Конечно, во всей этой цепи рассуждений есть тонкие моменты. Освободило ли эдиакаро-кембрийское вымирание вендобионтов дорогу новым существам, или появившиеся активные хищники сожрали предыдущую биоту и привели её к кризису? Байконурское оледенение или, напротив, последующее потепление с уменьшением растворимости кислорода в воде ответственно за вымирание и возникновение нового типа планктона? А может, наоборот, из-за вымирания массы продуцентов углерод стал меньше уходить в осадок, а ранее ушедший, погружаясь в зонах тектонических разломов в магму, высвобождался в атмосферу, создавая парниковый эффект и завершая африканскую гляциоэру? Где тут причина, а где следствие? Скорее всего, система работала с обратной связью, как цепная реакция, причины вызывали следствия, а те подстёгивали причины, наращивая эффект.
Кроме прочего, как ни парадоксально, одно из главных отличий поздневендской и раннекембрийской фауны заключается в том, что для венда характерны гигантские медузоиды до 30–40 см в диаметре и перистовидные колонии полипов величиной более 1 м, а в самом начале кембрия – томмотском веке – обнаруживаются лишь крошечные тварюшки, так называемая «мелкораковинная фауна».

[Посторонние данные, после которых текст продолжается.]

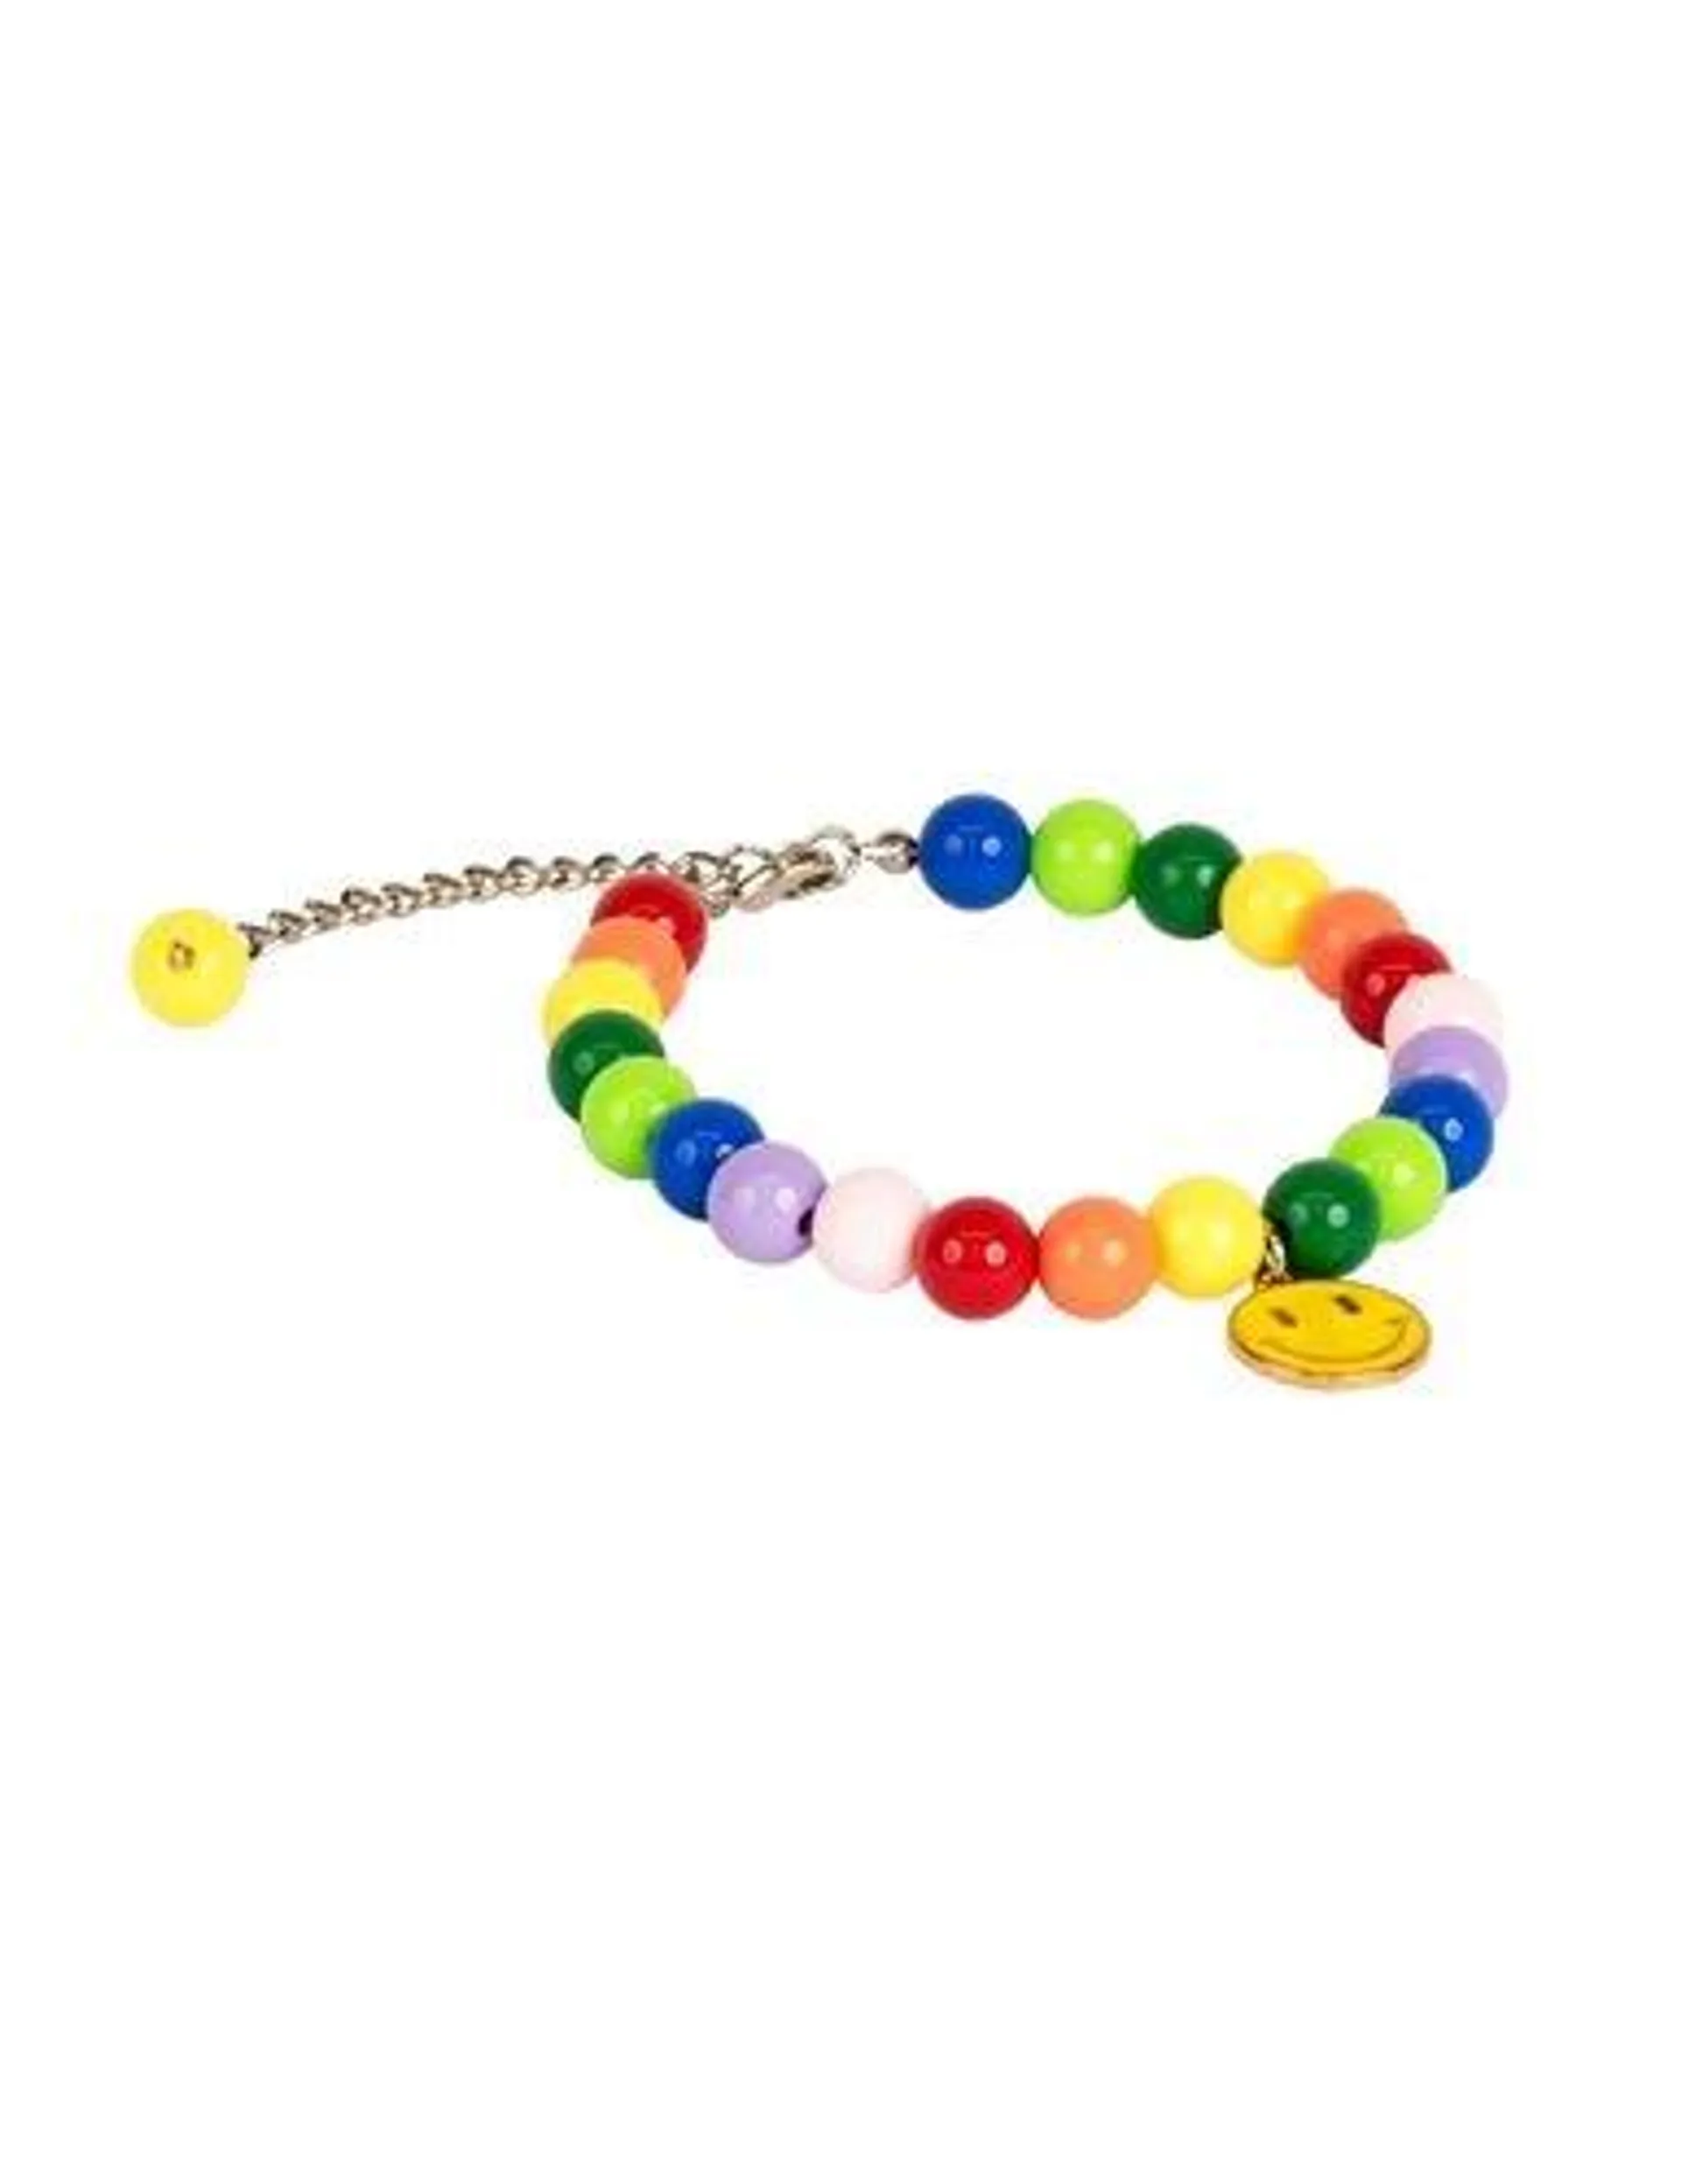 Play On Pride Smiley Necklace, Medium/Large

Ещё стоит учитывать, что граница эонов не была такой уж резкой. Как ни странно, никто не знает, где лучше всего проводить линию. Лучшее этому свидетельство – расхождение российской и международной шкал: наш немакит-далдынский ярус верхнего венда болееменее соответствует «международному» фортунскому ярусу нижнего кембрия. А нижняя граница фортунского яруса определена даже не по нормальным ведущим ископаемым, а по ихнотаксону Trichophycus pedum (он же Treptichnus pedum) – окаменевшим норкам каких-то неведомых роющих животных, научившихся копать не только горизонтально, но и вертикально. Нормальные же, например, трилобиты появляются гораздо позже – в атдабанском ярусе. А вы ещё говорите: «Кембрийский взрыв, кембрийская революция»!..

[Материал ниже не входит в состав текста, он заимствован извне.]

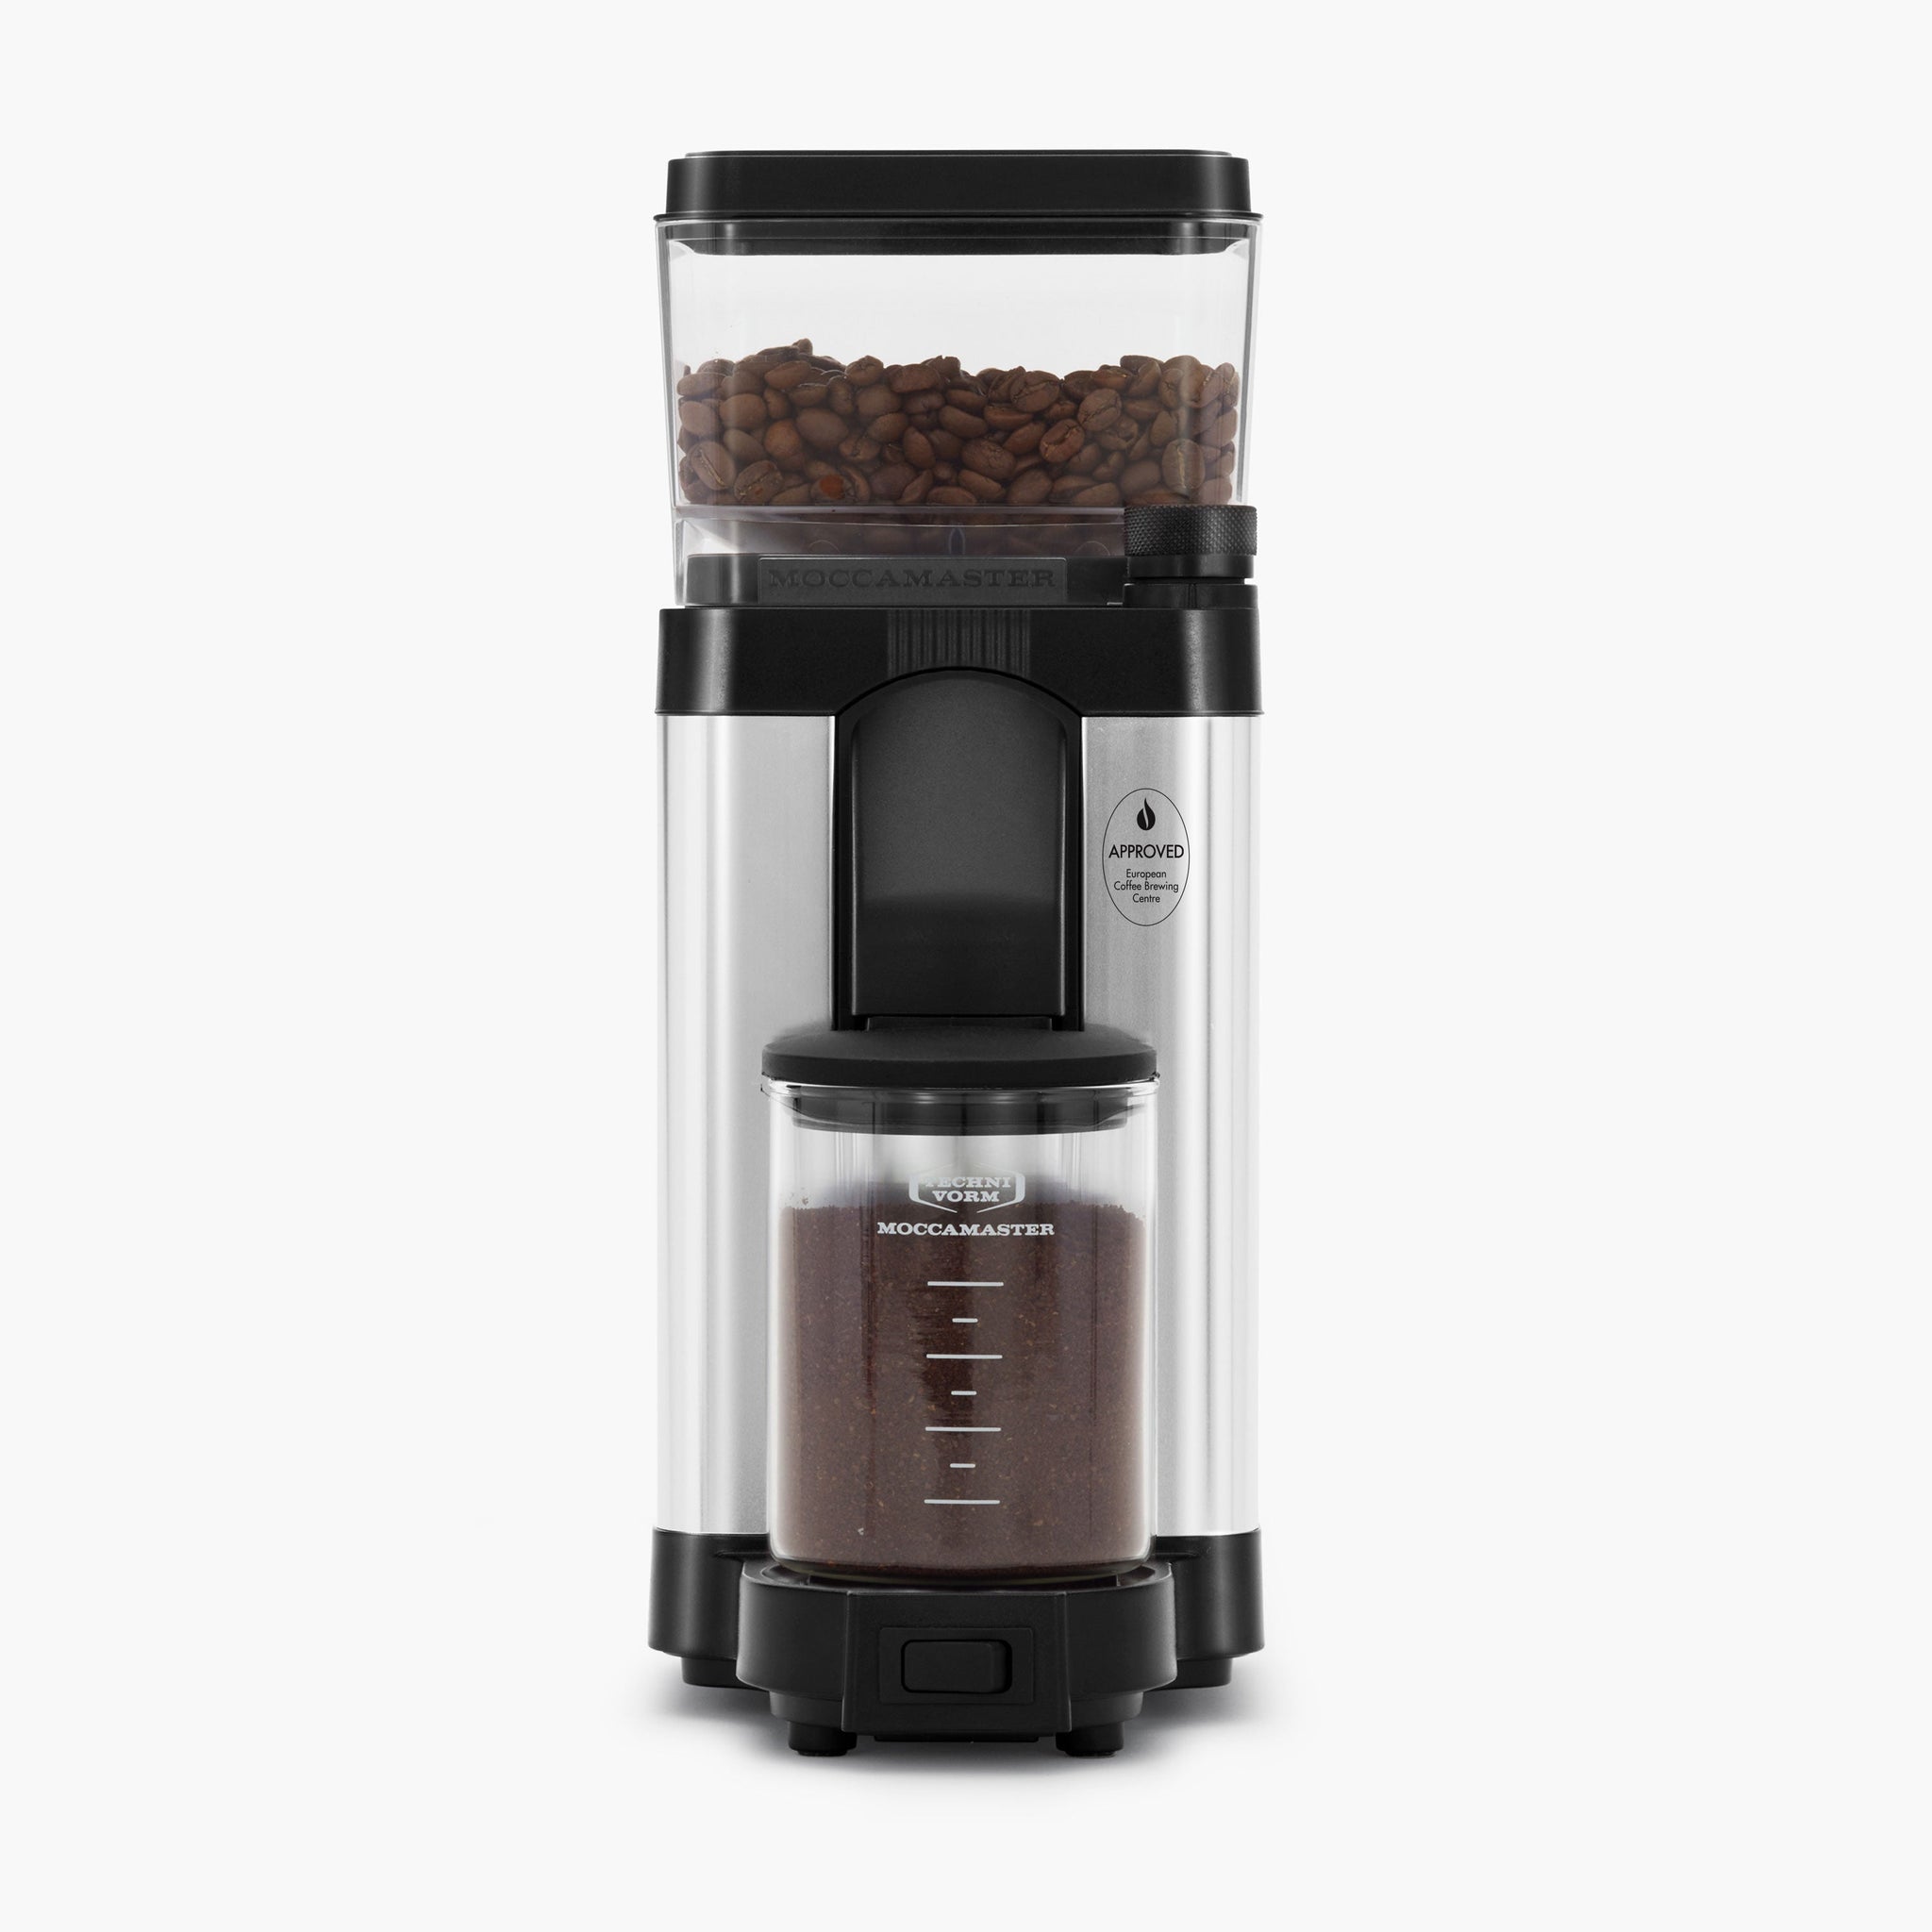 Is The Technivorm Moccamaster Worth It? It Makes Me Happy Every Day

В реальности все вышеуказанные события заняли огромный промежуток времени, ничто не случается мгновенно. Между надёжным исчезновением эдиакарских вендобионтов и появлением приличной фауны с узнаваемыми трилобитами и брахиоподами прошло не менее нескольких миллионов лет. Этот отрезок по длине сопоставим с теми, за которые из невнятных недоящериц возникли черепахи, из наземных копытных хищников – морские киты, из четвероногих древесных человекообразных обезьян – двуногие наземные люди.

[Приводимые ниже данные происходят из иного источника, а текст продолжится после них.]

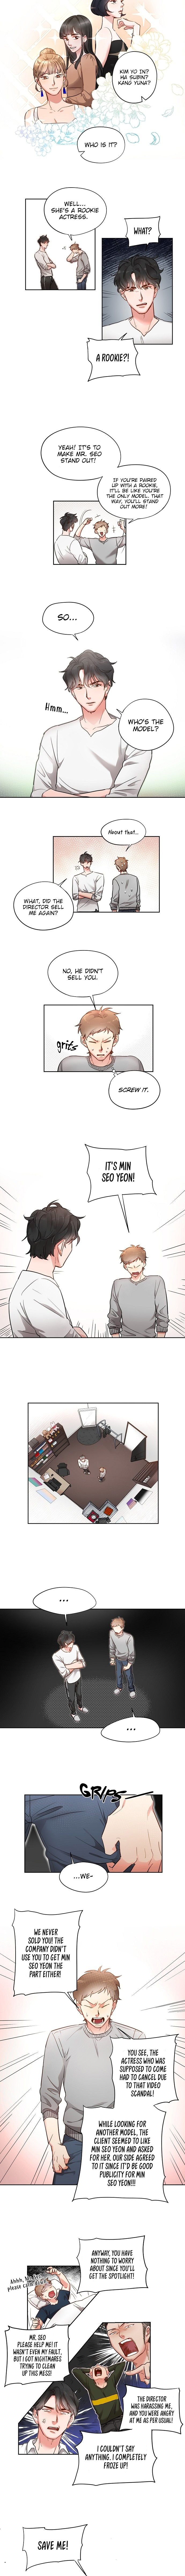 Liking you Excitedly Chapter 2 - Page 3

Самые многочисленные и хорошо изученные местонахождения кембрия расположены в Якутии, отчего почти все ярусы этого периода носят якутские имена (что, конечно, не могло понравиться создателям Международной шкалы, которые часть названий заменили на китайские, а часть ярусов вообще оставили безымянными, просто пронумеровав их). Раннекембрийских отложений известно не так уж много, что печально, так как именно в это время происходило самое интересное. Наиболее информативные отложения с идеальной сохранностью фауны середины раннего кембрия – сланцы Маотяньшань в уезде Чэнцзян округа Юйси, а также Хайкоу в соседнем округе Куньмине в южнокитайской провинции Юннань с датировкой около 518 млн л. н. или несколько меньшей (конец атдабанского века; конечно, не обошлось без громких заявлений о возрасте в 560–534 или 525–520 млн л. н., но, как часто бывает с китайскими местонахождениями, позже Маотяньшань заметно помолодел), а также Сириус Пассет на крайнем севере Гренландии того же возраста. Чуть более поздние – ботомского века – Синские местонахождения в Якутии содержат отпечатки удивительно похожих организмов. Всего на несколько миллионов лет моложе, но формально уже среднекембрийского возраста одно из самых знаменитых мест – сланцы Бёрджес в Канаде с датировкой 510–505 млн л. н. (в среднем 508 млн л. н.).
Скелетные существа в Маотяньшань, Сириус Пассет и Бёрджес точно такие же, как в других среднекембрийских местонахождениях. Тем чудеснее, что «твёрдые» организмы составляют примерно одну седьмую от общего числа обнаруженных в сланцах видов, а все остальные – мягкотелые. Это показывает, насколько наши знания о древних экосистемах обрывочны. При этом в сланцах абсолютно преобладают донные формы, но почти не представлены планктонные (донных найдены десятки тысяч отпечатков, а некоторые виды свободно-плавающих животных обнаружены в единичных экземплярах), так что реальное разнообразие можно смело помножать ещё надвое.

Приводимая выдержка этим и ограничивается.